The first couple days were positive, including a new record high on October 3 for the Dow Jones industrial average (or Dow) , an index that tracks 30 large U.S. stocks and is often used as a gauge for the overall market. But stocks have slid in the days since. On October 10, the Dow sank more than 830 points, or about 3.15 percent. The Standard & Poor’s 500-stock index, which tracks 500 of the largest U.S. companies, fell about 95 points, or nearly 3.3 percent. The next day, the Dow and S&P 500 were each down about 2 percent.
Those may seem like pretty dramatic drops, until you take a step back. Both the Dow and S&P 500 are still positive for the year. The recent slump left it about where it was in July. And this isn't the first time stocks have slumped in 2018. Back on February 5, we saw a single-day drop of 1,175 points! The next day, however, stocks were back on the upswing and had fully recovered by the end of the month. (Watch CEO Noah Kerner's take on the markets in the video below.)

So, what’s going on this week? As is often the case, a number of factors are weighing on the market. Here’s a look at three big ones: 1. Interest rates are rising. Interest rates have been inching up since late 2015, but the pace has been accelerating. In late September, the Federal Reserve (our central bank) raised the so-called federal funds rate to 2.25. That’s the rate at which banks lend to each other overnight, which sounds like no big deal—except that they then turn around and raise the interest rates charged on our credit card balances and other loans with variable interest. That, of course, means more expensive debt—for companies and consumers like us. Mortgage rates have also been climbing, which has led to declining home sales that, in turn, have affected homebuilder stocks . (One good reason to invest in a diverse mix of stocks: When some are down, others should still be up.) Yields on bonds have also been climbing. That mean that bonds are offering more substantial payouts these days to investors. Couple that with the relative lower risk, and some investors may be tempted away from stocks.

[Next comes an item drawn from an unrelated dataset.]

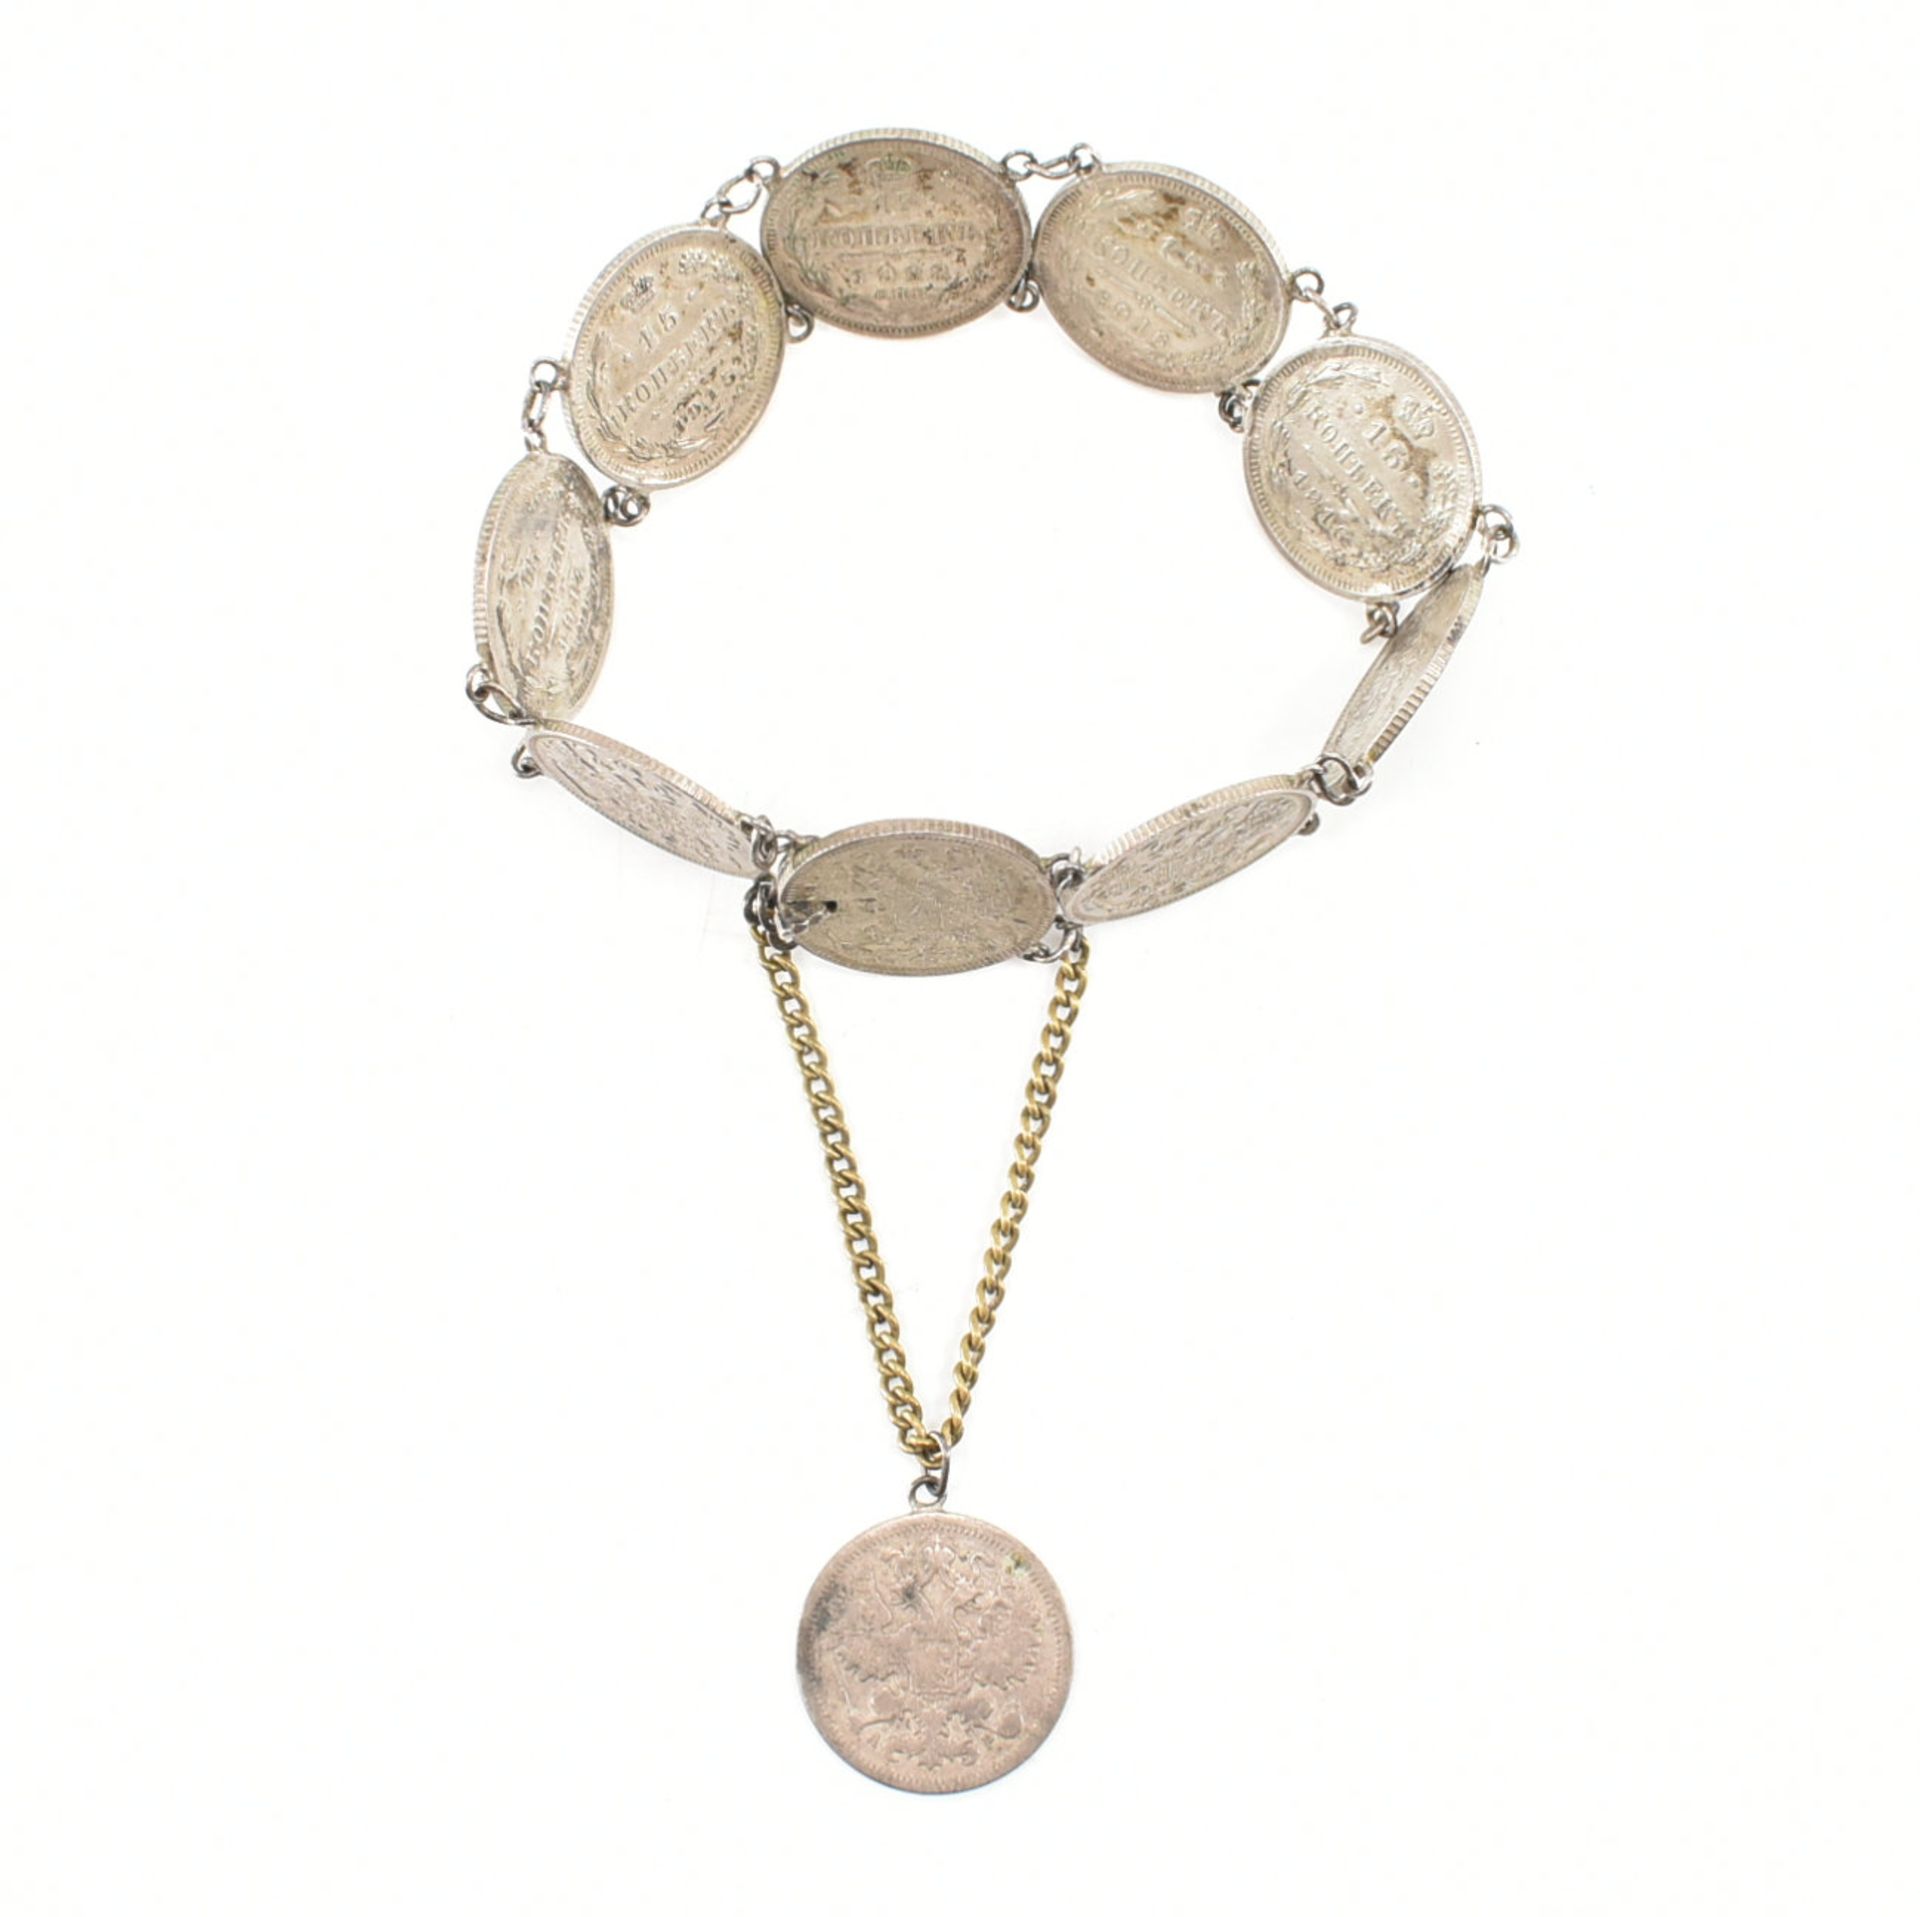 VINTAGE RUSSIAN WHITE METAL ROUBLE COIN BRACELET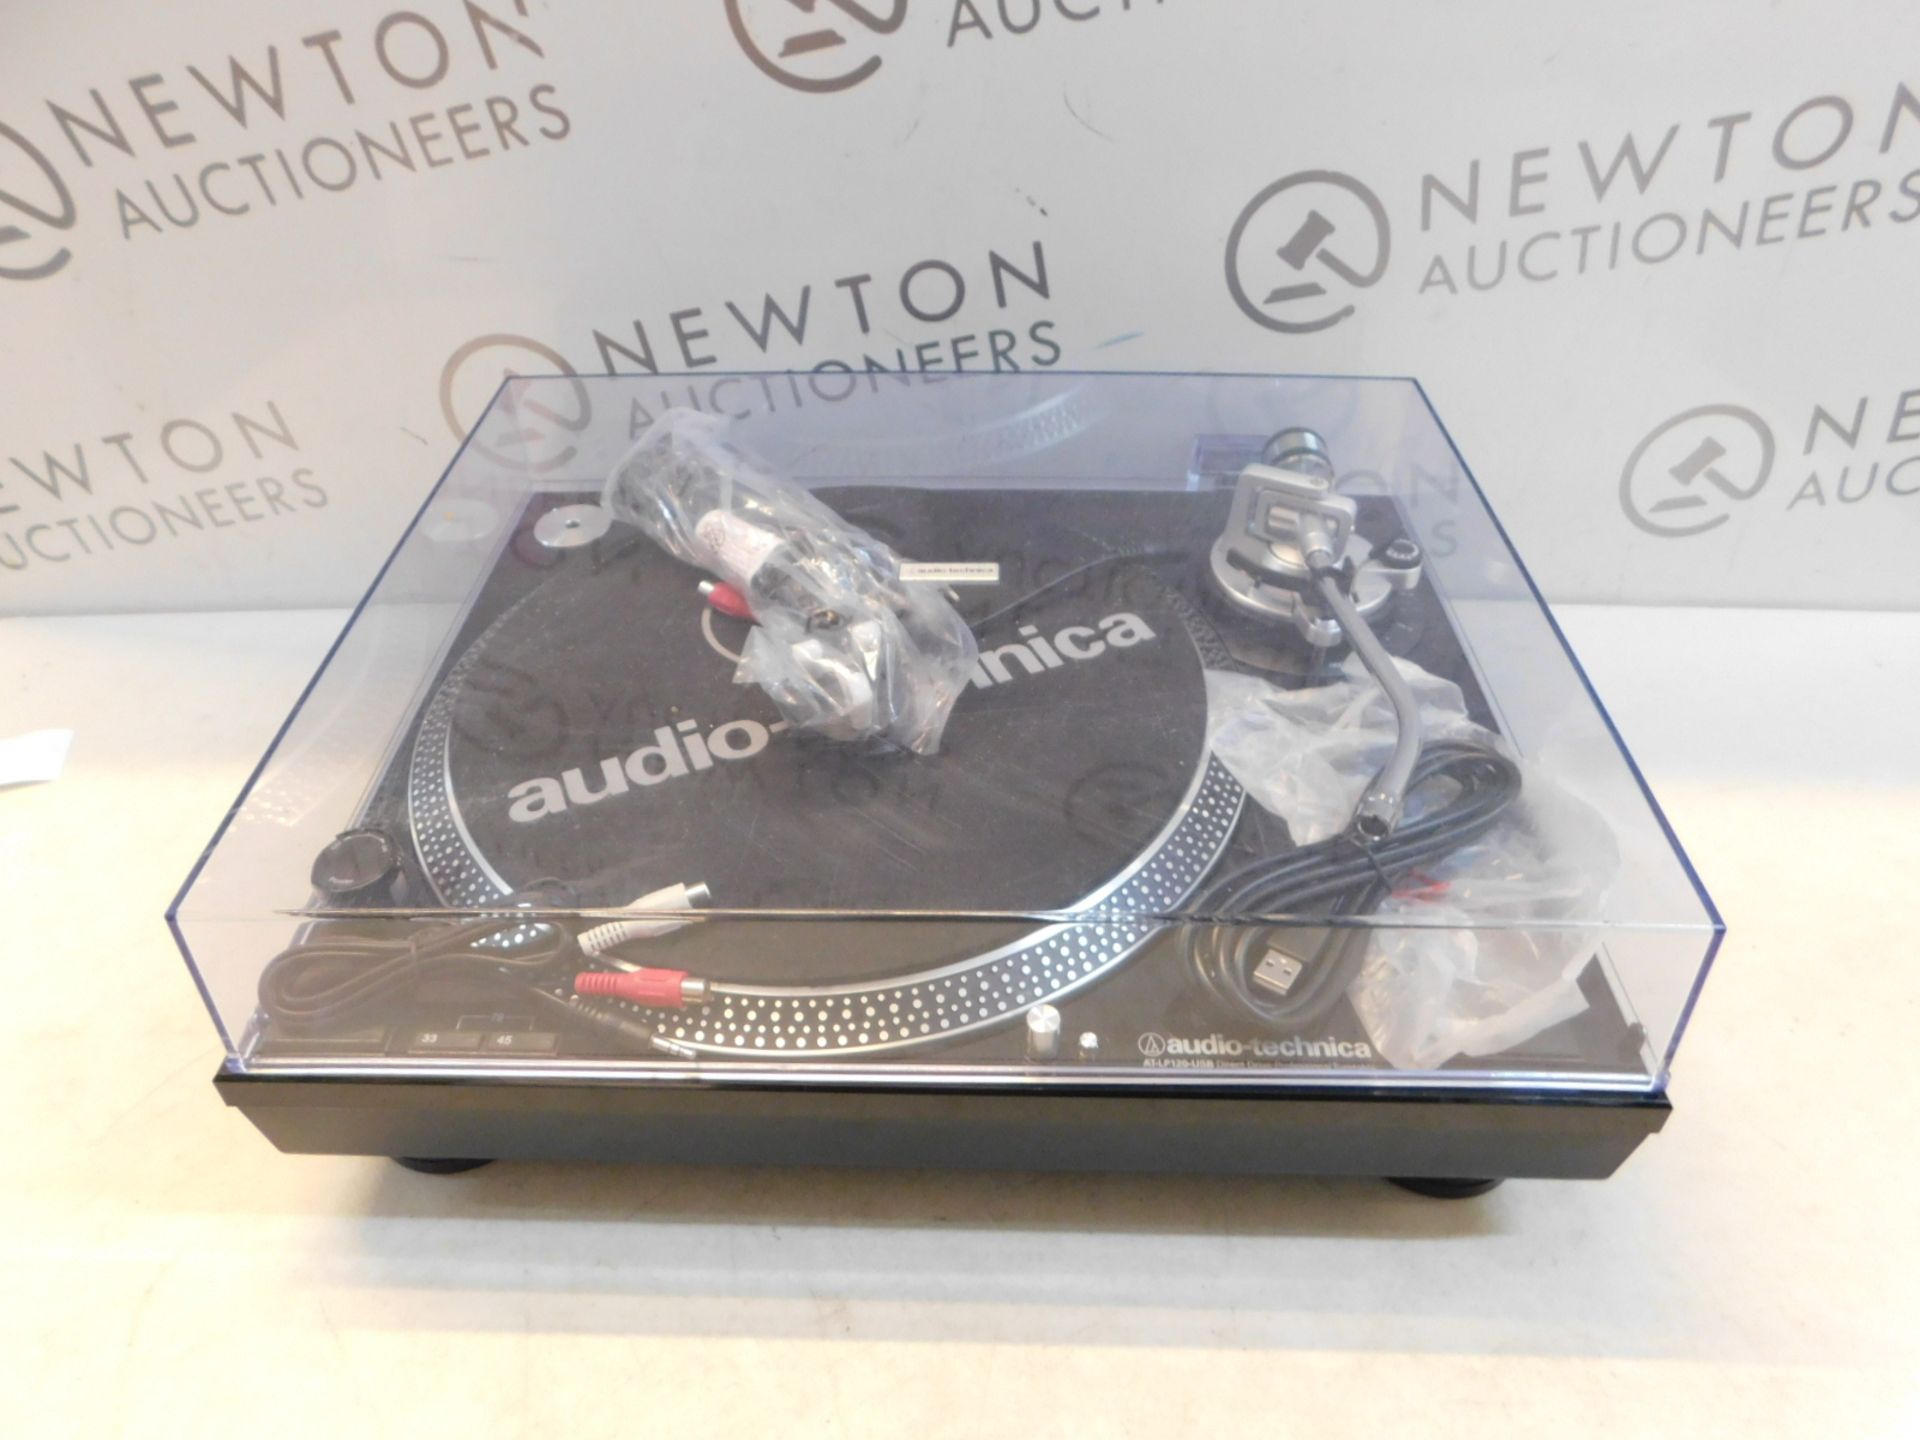 1 AUDIO-TECHNICA AT-LP120BK-USB DIRECT DRIVE TURNTABLE RRP Â£299

2. Tech stocks have taken a hit. Formerly high-flying stocks—such as Facebook, Apple,, Netflix and Google-parent Alphabet (i.e., FAANG stocks )—did much of the heavy lifting of the long-running bull market. Now their stumbling is dragging the market down. In fact, the tech-focused Nasdaq index had a particularly bad day on October 10, dropping about 315 points, or 4 percent. On October 11, it closed down 1.25 percent.
Data leaks at Amazon are contributing to its sinking share price. Apparently, at least one Amazon employee has taken bribes from third-party sellers to share customers’ email addresses. Because the e-commerce giant relies so heavily on third-party sellers, there are concerns these troubles may have an impact on the company’s bottom line.

3. Concerns about the global economy are growing. The International Monetary Fund (IMF) just released its latest Global Financial Stability Report , in which it cautioned that the ongoing trade war and other geopolitical tensions could ultimately push down stock prices. The agency also announced it’s lowering its growth expectations for the global economy to 3.7 percent this year and next year, down 0.2 percentage points from its April forecast . Its expectations for the U.S. specifically are holding steady at 2.9 percent growth for this year, but slow to 2.5 percent for 2019. A bright spot: The report does note that the overall financial system is still stronger than it was before the financial crisis. What can I do about all of this? Sit tight. Even if our long-running bull market is starting to run out of steam, the long-term direction of the stock market has historically been up. Plus, a wise investing strategy already has baked into it the expectation that there will be down periods as well as up. (It’s worth noting that, over history, the stock market upturns have been longer and larger than the downturns.) As long as you continue to focus on the long term and stick to a well-diversified portfolio you should be prepared to weather these rocky months—and and stay on the path to achieving your financial goals. This post was updated on October 11.